You can choose to implement this functionality either by allowing instructions to be dequeued from the middle of the ready queue, or more simply, by enqueuing instructions that cannot be immediately issued onto a temporary queue and reinitializing the ready queue with the contents of this queue (just setting the pointer should suffice). Note that if you choose the second implementation above, you may need to supply different implementations for the \texttt{readyq\_pop} and \texttt{readyq\_enqueue} functions to make sure that the verbose message printing works as originally intended.

\textbf{Multiple Fetches Per Cycle}
This should be really trivial if you have the other two parts of the assignment working.

\textbf{Implementation notes:}
1. Modify the \texttt{FETCH\_QUEUE\_SIZE} macro as below to allow up to 4 instructions to be fetched in a cycle:

```
#define FETCH\_QUEUE\_SIZE (4)
```

\footnote{Note that real processors implement forwarding from the load/store queue as well as allow a subsequent store to the same address to shadow a previous store (thus possibly removing the conflict for subsequent loads if the later store instruction has resolved its data). For simplicity, we shall ignore these optimizations in this assignment.}
2. Modify the **fetch** stage so that you fetch as many instructions every cycle as are the number of empty slots in the **IF/ID** queue.

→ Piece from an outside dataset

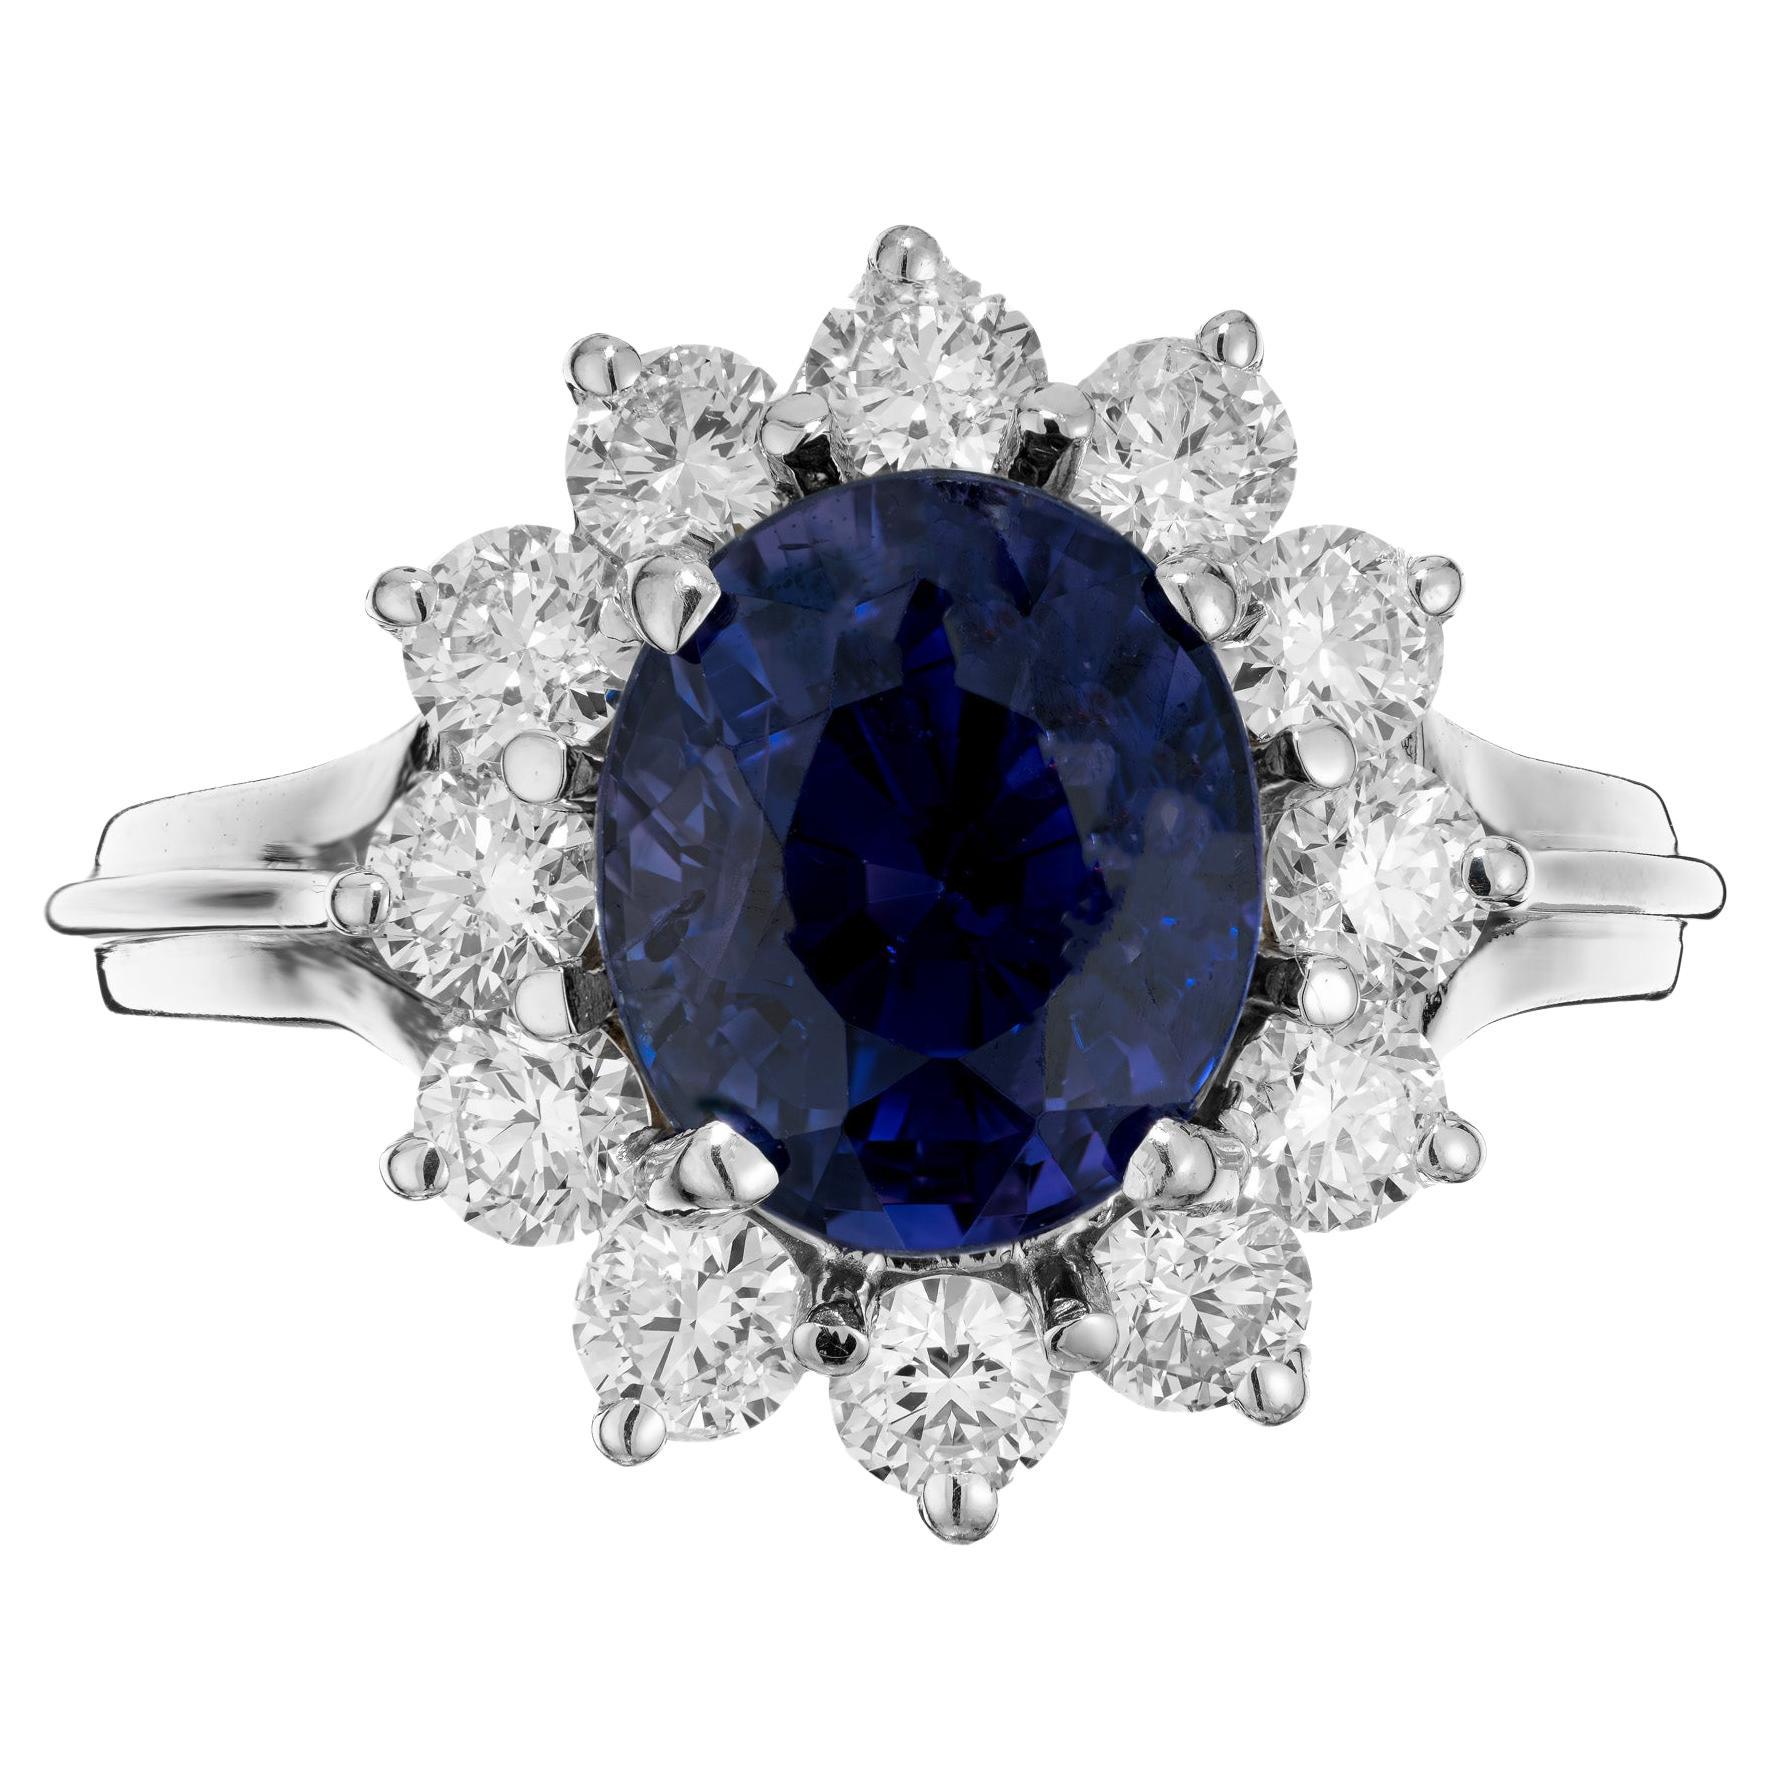  4.31 Carat Oval Sapphire Diamond Halo White Gold Mid-Century Engagement Ring For Sale

   Note that this implies you might fetch along the wrong path upon encountering branch instructions, but the implementation of perfect branch prediction outlined in the skeleton code supplied in Assignment 3 should already handle this case (by squashing all instructions in the fetch queue). You will need to handle the case where instructions might be fetched beyond the exit **syscall** instruction: this situation can be dealt with similar to the mispredicted branch case above.

### Sample Test Code and Sample Output

The code distribution for this assignment is available at
```
/home/mb/CompArch/assign4.tar.
```

1. **Assembly Code Programs.** Two small sample assembly code programs: **fu.s**, and **loop3.s** have been provided as sample tests for you to use during your simulator development (these programs are the same as that supplied for Assignment 3). To compile these, simply use
```
/home/mb/CompArch/bin/ssbig-na-trix-gcc
```
   with the `-nostdlib` flag. The flag prevents the C standard library from being compiled into your code, thus limiting your instruction count to the number of instructions in your assembly code file (makes it easier to assess whether your cycle count is correct).

2. **Sample output.** Detailed stage-by-stage verbose output is provided for both programs for each of the three features above. The output format is as described in the handout for Assignment 1, with the exception of the stage names: “fetch”, “dispa”, “issue”, “write”, and “commi”.
   
   I have also modified the awk script from Assignment 3, **pipe3.script**, which allows one to visually see the instruction flow through the different pipeline stages. The script has been modified to handle printing of multiple instructions per stage per cycle. Invoke the script as follows:
   
   ```
   sh pipe3.script < fu.output > fu.out.pipe
   ```

### Submission Instructions

Please send e-mail to the instructor ([mb@cs.nyu.edu](mailto:mb@cs.nyu.edu)) by the due date attaching a tar file containing the following pieces: (1) your simulator source code (this should be just the file **sim-dynissue.c**); (2) output generated by your simulator on the above test programs; (3) a brief README file describing your work and any outstanding problems.